Under Armour promotes its products by sponsorship agreements with athletes, celebrities, and sports teams, a field in which it competes with other sports apparel companies. One of its most fiscally beneficial marketing strategies has been its collaboration with actor Dwayne Johnson, who has endorsed the company since January 2016.

Under Armour has a partnership with PGA Tour player Jordan Spieth who it signed an endorsement with in 2013. Spieth has won three majors to date (the 2015 Masters, the 2015 U.S. Open and the 2017 Open Championship) and has launched his own golf shoe, "Spieth One".

Under Armour has worked with Hollywood to boost its profile. Its product placement dates to the 1999 sports drama Any Given Sunday, and has since included Friday Night Lights (2004), The Blind Side (2009), The Dark Knight Rises (2012), Lone Survivor (2013), The Martian (2015), and television series The Wire and House of Cards. Under Armour worked with costume designer Alexandra Byrne to create base-layer garments for characters in several films in the Marvel Cinematic Universe.

Under Armour has a partnership with NBA athlete Stephen Curry, who is considered to be the "face of their footwear line". Originally signed to Nike, Curry joined with Under Armour in the 2013 offseason. As Curry became a two-time NBA Most Valuable Player Award winner and one of the most popular athletes in the world, sales of his shoes have become a major factor for the Under Armour brand, with stock prices rising and falling based on the success of the Curry shoe line.
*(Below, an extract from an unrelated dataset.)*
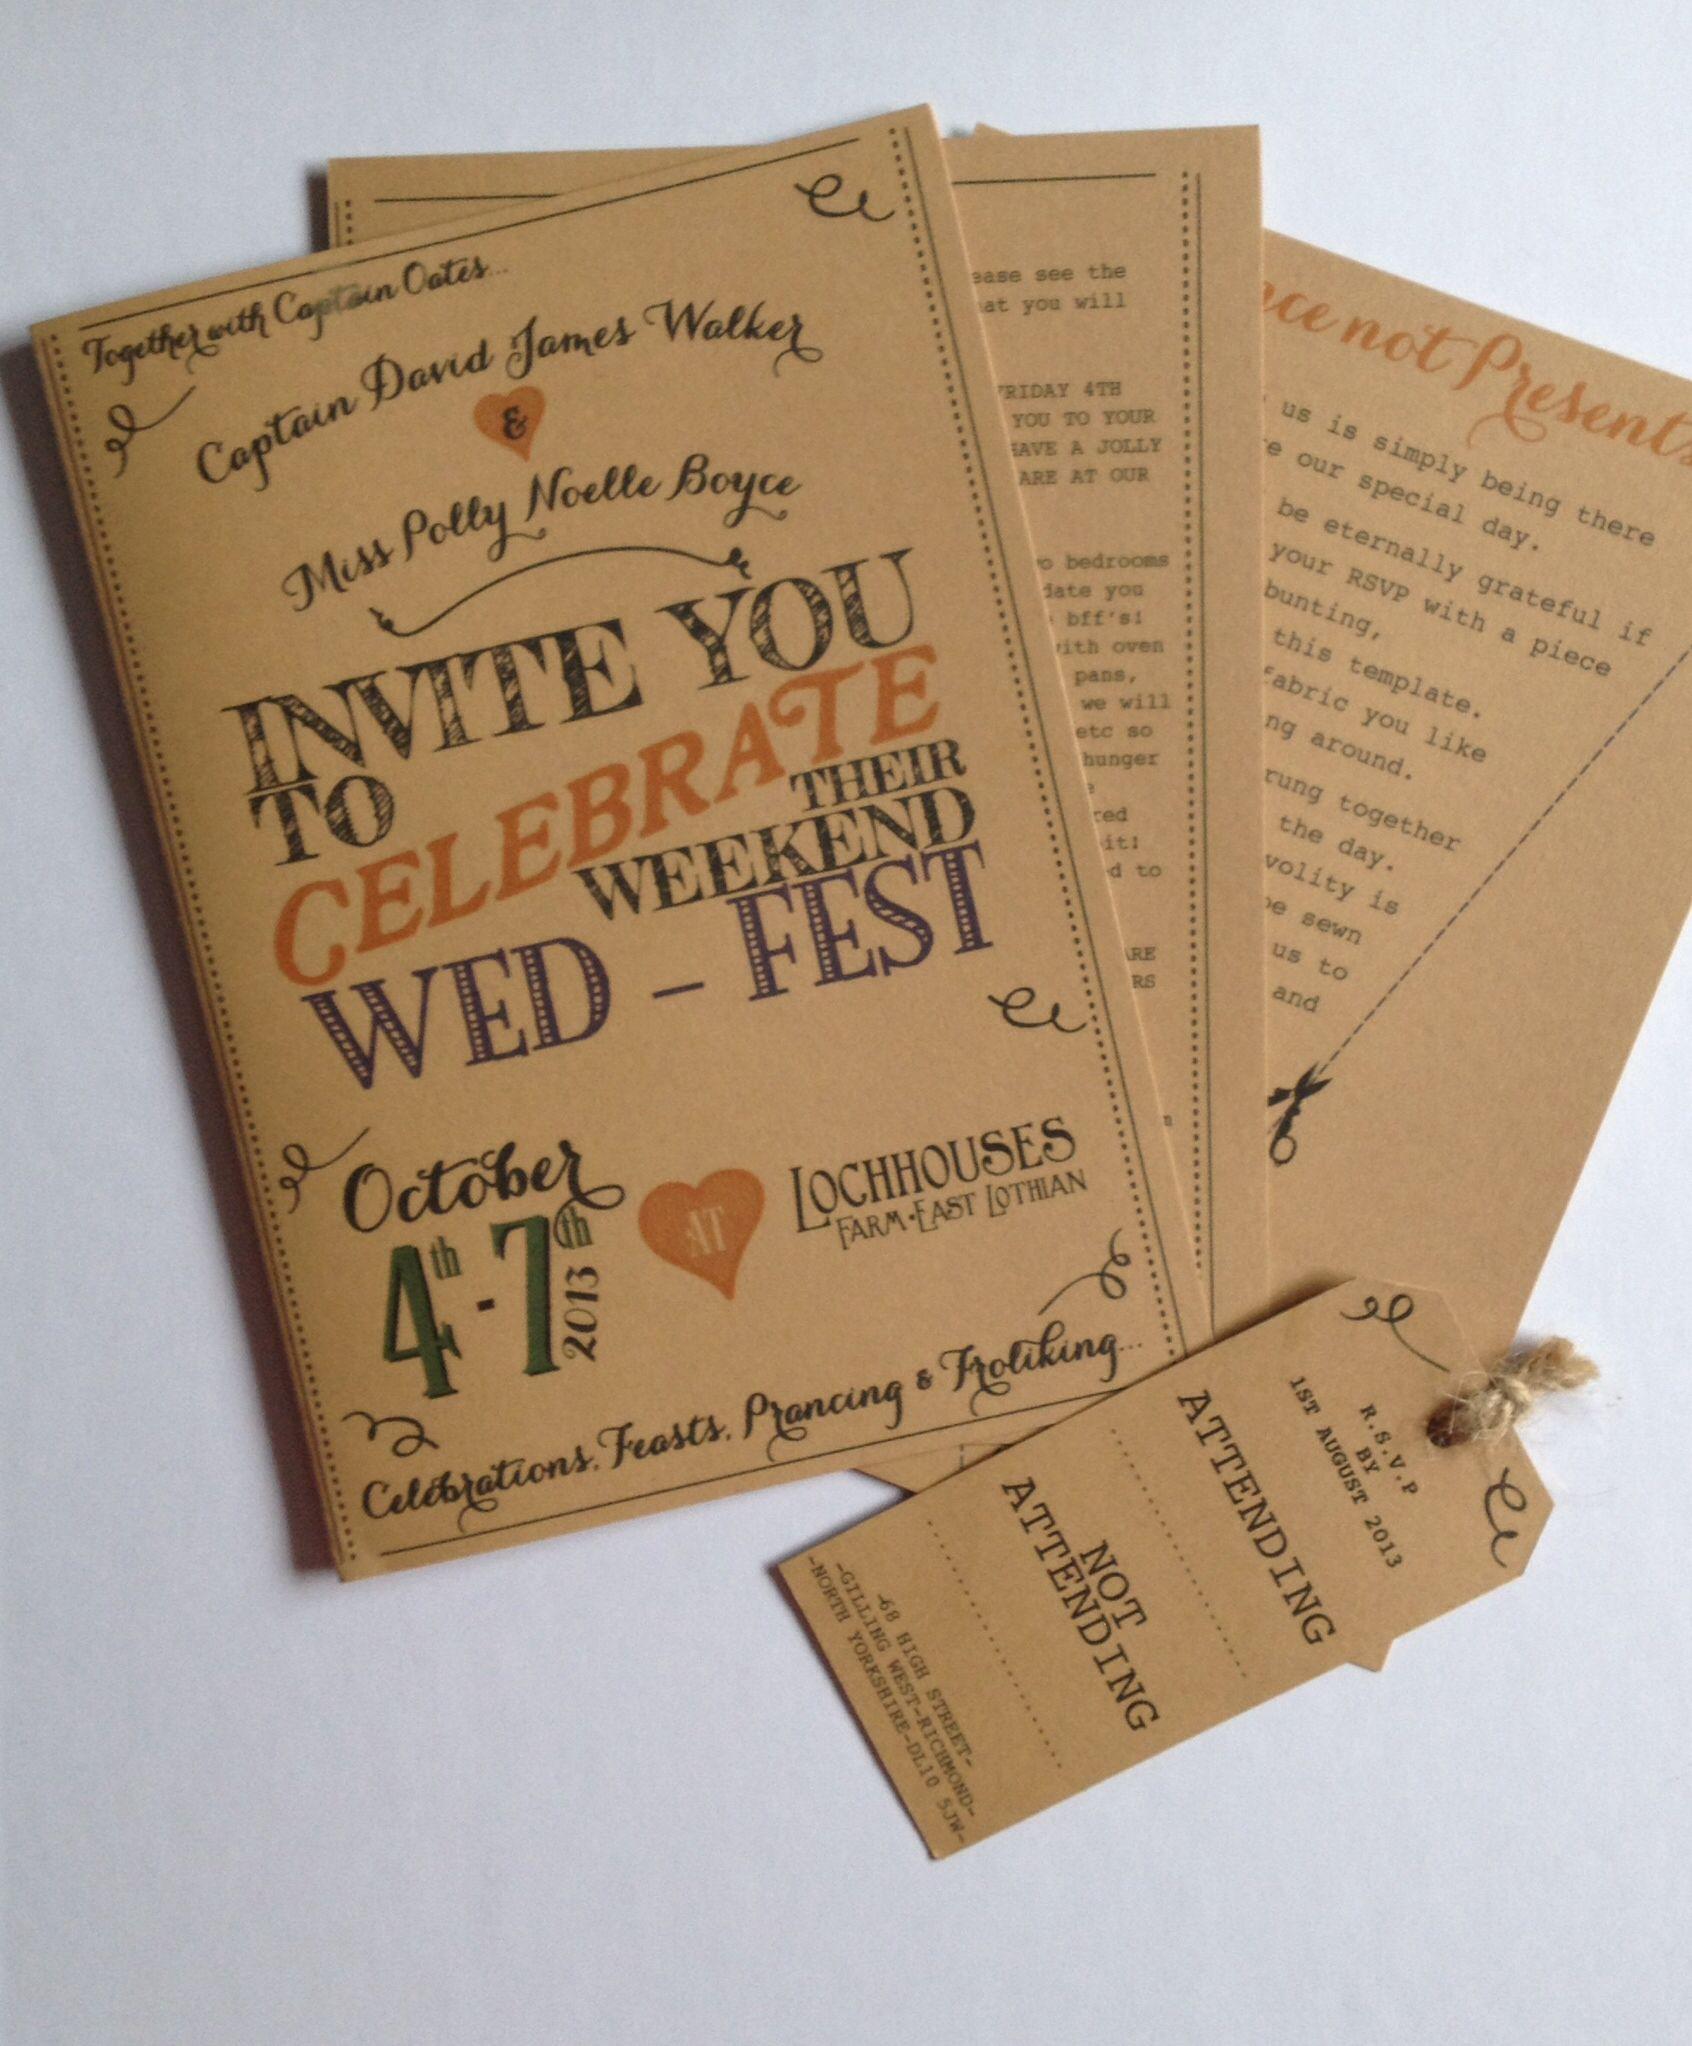 Wedding Invites Scotland: Wed-Fest: Wedding Invites For Autumnal Scottish Beach

On March 3, 2016, the company became the Official Match Ball Partner of the North American Soccer League, starting with their 2016 season. In May, Under Armour and UCLA announced plans for a 15-year, $280 million contract, making this the largest shoe and apparel sponsorship in NCAA history.
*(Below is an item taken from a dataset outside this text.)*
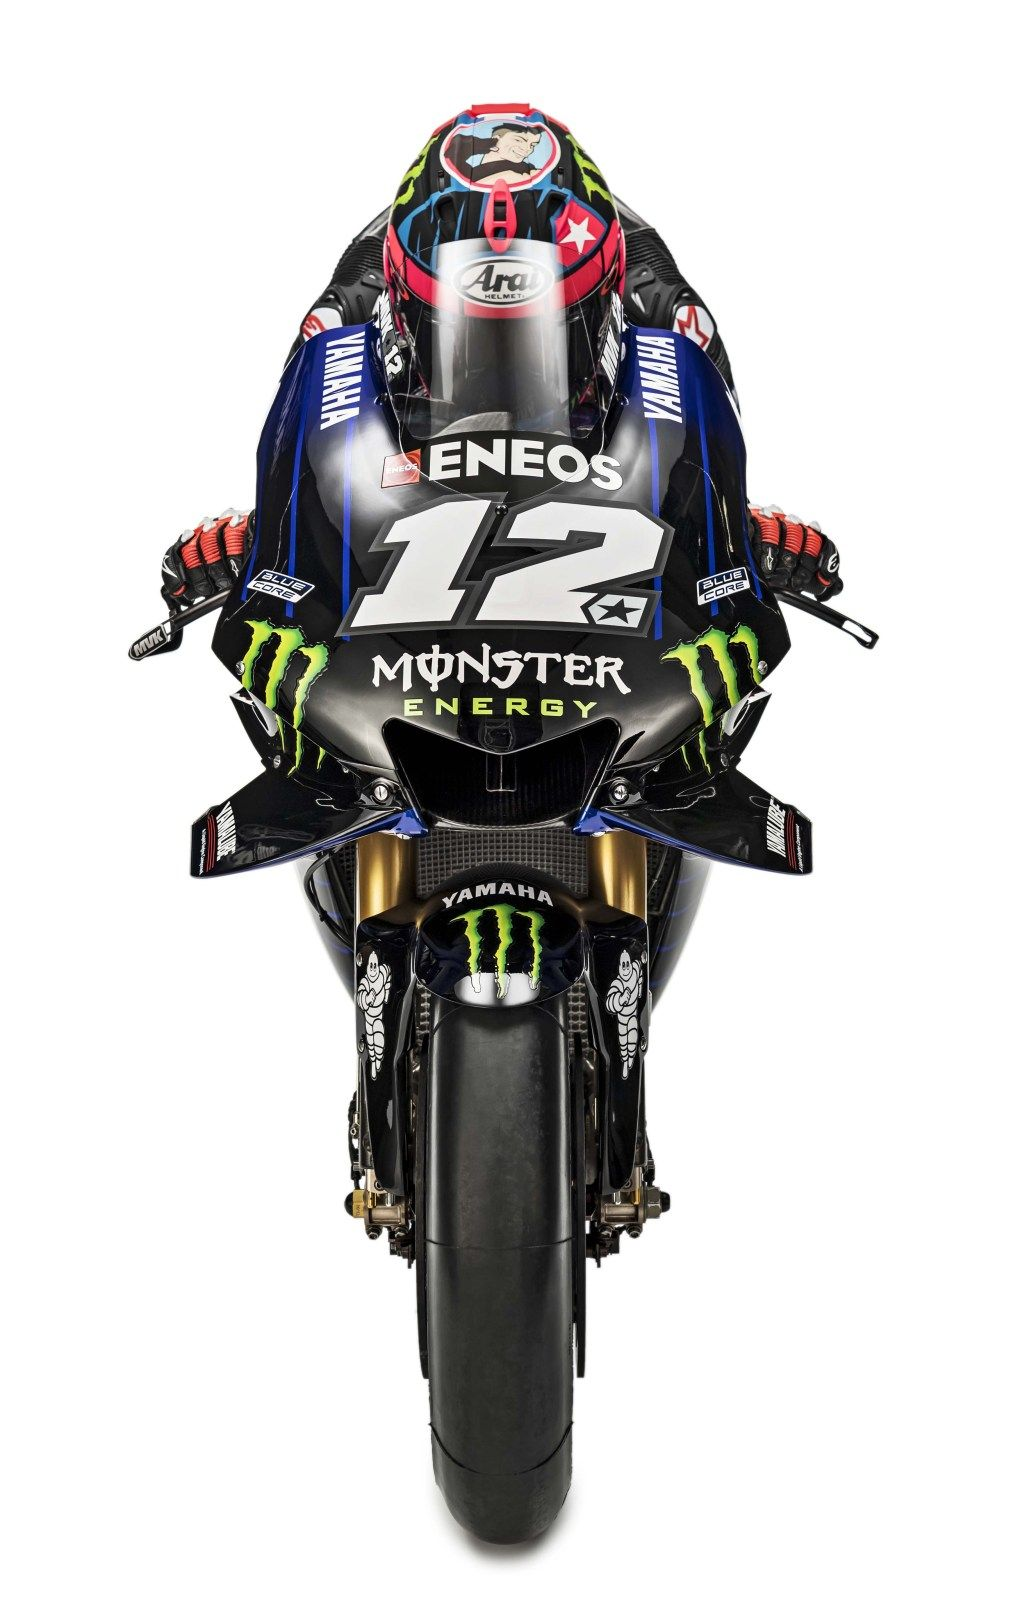 """Beast Mode On"" Livery Debuts for Monster Yamaha MotoGP"

On October 10, 2018, Under Armour announced that it has signed Philadelphia 76ers center Joel Embiid to a sneaker endorsement deal.

In December 2024, Under Armour announced its sponsorship of Unrivaled, the women’s 3x3 basketball league founded by Napheesa Collier and Breanna Stewart, serving as the league's "official uniform partner and performance outfitter" for the inaugural 2025 season.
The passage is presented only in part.